I Disturbi del Comportamento Alimentare (DCA) hanno raggiunto la propria autonomia quale entità nosografia solo in tempi relativamente recenti. In passato, infatti, sono stati considerati ora come manifestazione di patologie endocrine, ora ascrivendole a disturbi psichiatrici quali l’isteria, le nevrosi, i disturbi dell’umore.

In effetti i primi riferimenti storici risalgono al Medioevo, con la descrizione del digiuno e della mortificazione del corpo delle "sante anoressiche".

Più avanti, nel 1600, il medico genovese Simone Porta fa diagnosi di Anoressia (sebbene la prima diagnosi si faccia solitamente risalire all’inglese Norton, che parla di "consunzione nervosa").

Lasegue è però il primo ad ascrivere l’Anoressia, fino ad ora considerata dai medici una patologia unicamente organica, ai disturbi mentali: egli parla di anoressia isterica.

Verrà in seguito descritta come anoressia nervosa, sebbene, per tutto il secolo successivo, venga considerata una malattia a patogenesi endocrina, ed assimilata per questo al Morbo di Simmonds.

Janet è forse il primo a presentare un caso clinico di una anoressica, in cui questa malattia è descritta come espressione del rifiuto di raggiungere la maturità sessuale, e per questo inserita nel gruppo delle psicoastenie.

Anche Freud, naturalmente, parlerà di anoressia, ma come espressione di un quadro melanconico, in cui è mancato lo sviluppo della sessualità.

 

E’ solo con il DSM-III, nel 1980, che vengono inquadrati come categoria diagnostica, poi ampliata e ridefinita, nel DSM-IV-TR, di cui riportiamo qui i criteri diagnostici per ogni Disturbo del Comportamento Alimentare (Anoressia Nervosa, Bulimia Nervosa, DCA Non Altrimenti Specificati).

Criteri Diagnostici per l’Anoressia Nervosa

  1. Rifiuto di mantenere il peso corporeo al di sopra o al peso minimo normale per l’età e la statura (per es. perdita di peso che porta a mantenere il peso corporeo al di sotto dell’85% rispetto a quanto previsto, oppure incapacità di raggiungere il peso previsto durante il periodo della crescita in altezza, con la conseguenza che il peso rimane al di sotto dell’85% rispetto a quanto previsto).
  2. Intensa paura di acquistare peso o di diventare grassi, anche quando si è sottopeso.
  3. Alterazioni del modo in cui il soggetto vive il peso o la forma del corpo, o eccessiva influenza del peso e della forma del corpo sui livelli di autostima, o rifiuto di ammettere la gravità della attua condizione di sottopeso.
  4. Nelle femmine dopo il menarca, amenorrea, cioè assenza di almeno 3 cicli mestruali consecutivi. (Una donna viene considerata amenorroica se i suoi cicli si manifestano solo a seguito di somministrazione di ormoni, per esempio estrogeni.)

Specificare il sottotipo:

Con Restrizioni: nell’episodio attuale di Anoressia Nervosa il soggetto non ha presentato regolarmente abbuffate o condotte di eliminazione (per es. vomito autoindotto, uso inappropriato di lassativi, diuretici o enteroclismi).

Con Abbuffate/Condotte di Eliminazione: nell’episodio attuale di Anoressia Nervosa il soggetto ha presentato regolarmente abbuffate o condotte di eliminazione.

 

Criteri Diagnostici per la Bulimia Nervosa

  1. Ricorrenti abbuffate.
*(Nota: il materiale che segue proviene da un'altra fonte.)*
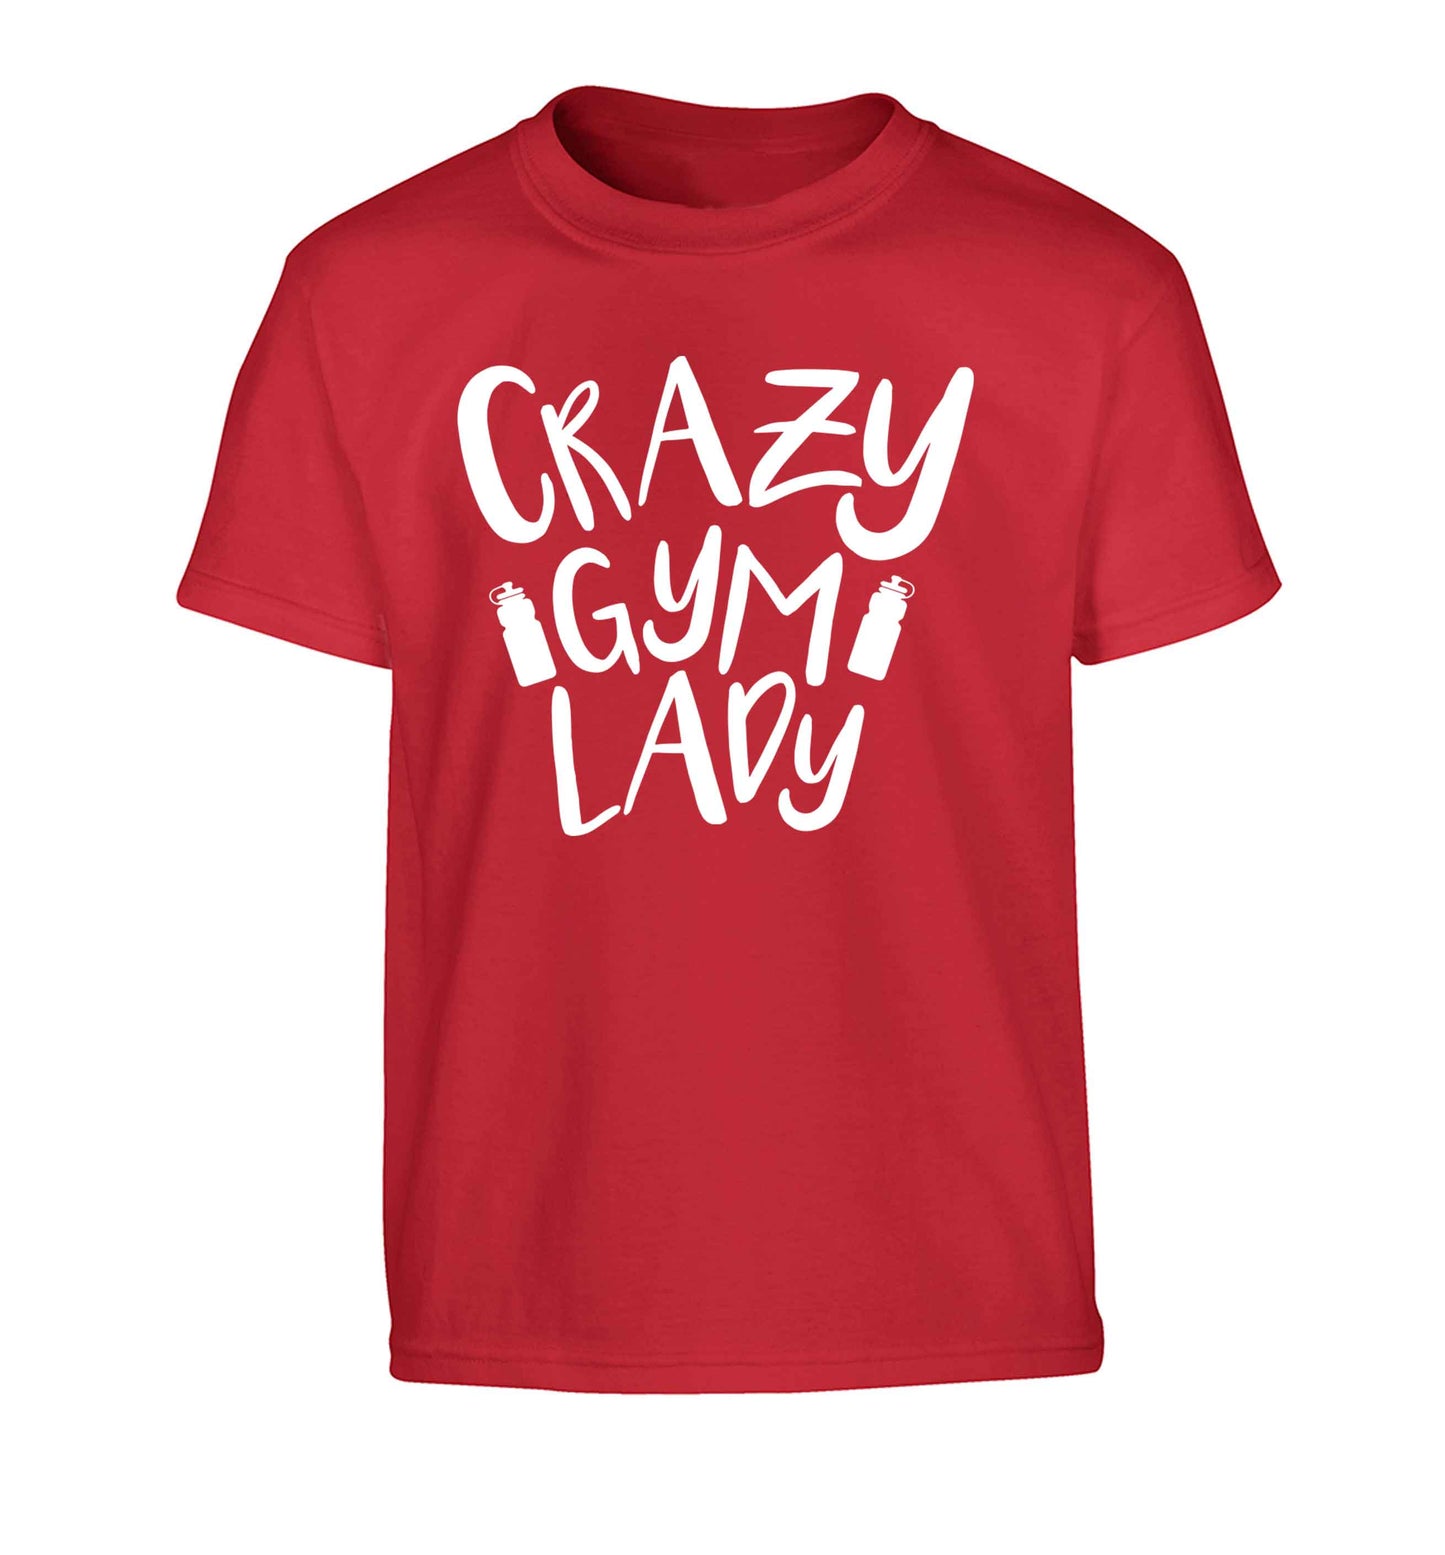 Crazy gym lady Children's red Tshirt 12-13 Years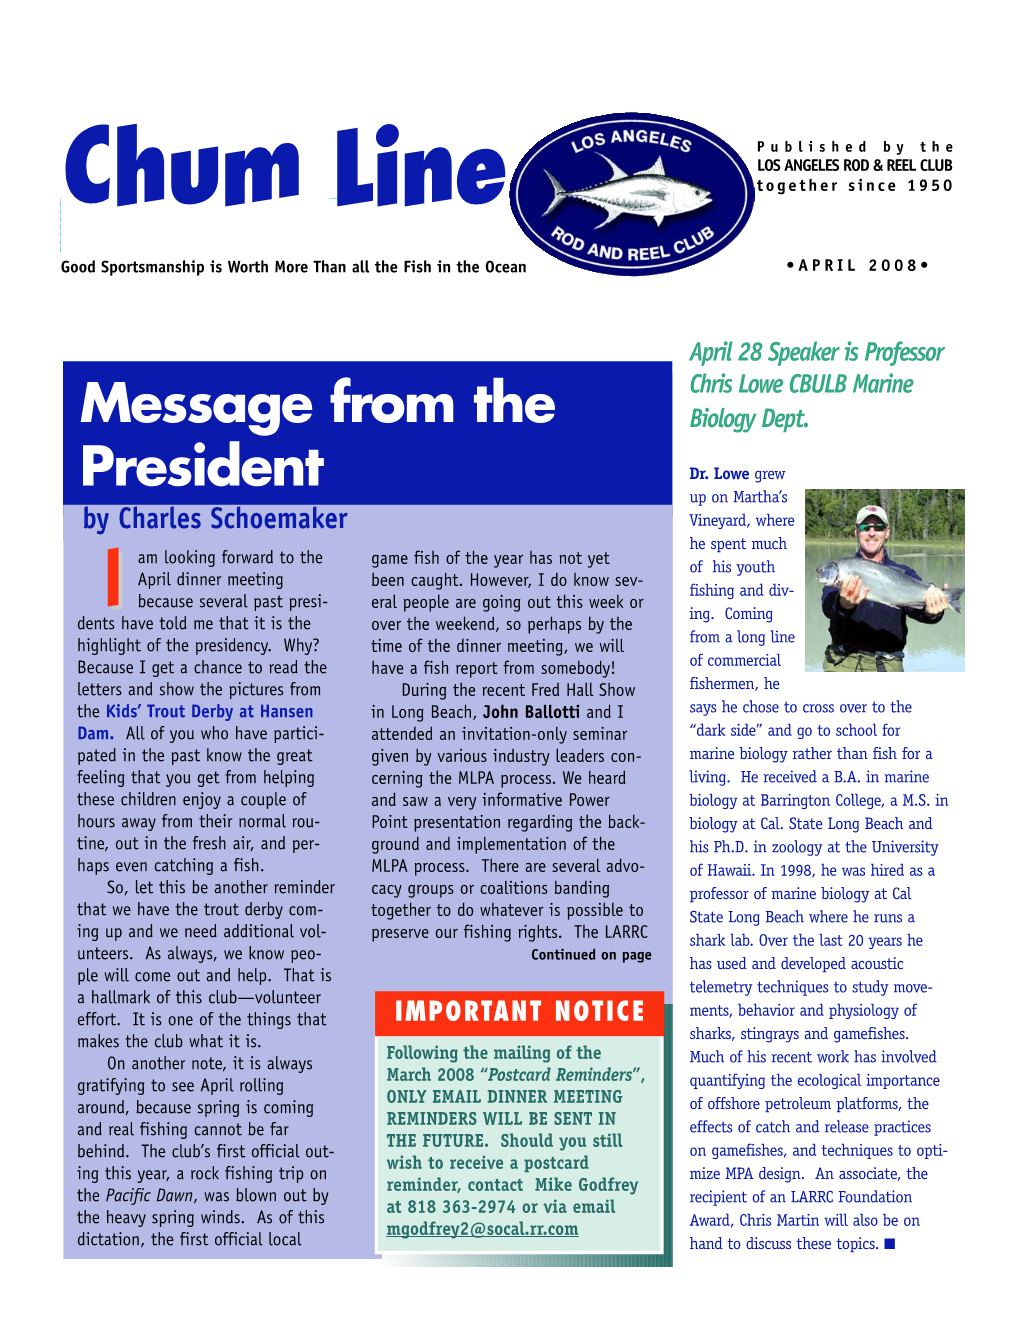 Chum Line Together Since 1950

Una abbuffata è caratterizzata da entrambi i seguenti:

  1. mangiare in un definito periodo di tempo (ad es. un periodo di due ore), una quantità di cibo significativamente maggiore di quello che la maggior parte delle persone mangerebbe nello stesso tempo ed in circostanze simili
  2. sensazione di perdere il controllo durante l’episodio (ad es. sensazione di non riuscire a smettere di mangiare o a controllare cosa e quanto si sta mangiando).

  1. Ricorrenti ed inappropriate condotte compensatorie per prevenire l’aumento di peso, come vomito autoindotto, abuso di lassativi, diuretici, enteroclismi o altri farmaci, digiuno o esercizio fisico eccessivo.
  2. Le abbuffate e le condotte compensatorie si verificano entrambe in media almeno due volte alla settimana, per tre mesi.
  3. I livelli di autostima sono indebitamente influenzati dalla forma e dal peso corporei.
  4. L’alterazione non si manifesta esclusivamente nel corso di episodi di Anoressia Nervosa.

Specificare il sottotipo:

Con Condotte di Eliminazione: nell’episodio attuale di Bulimia Nervosa il soggetto ha presentato regolarmente vomito autoindotto o uso inappropriato di lassativi, diuretici o enteroclismi.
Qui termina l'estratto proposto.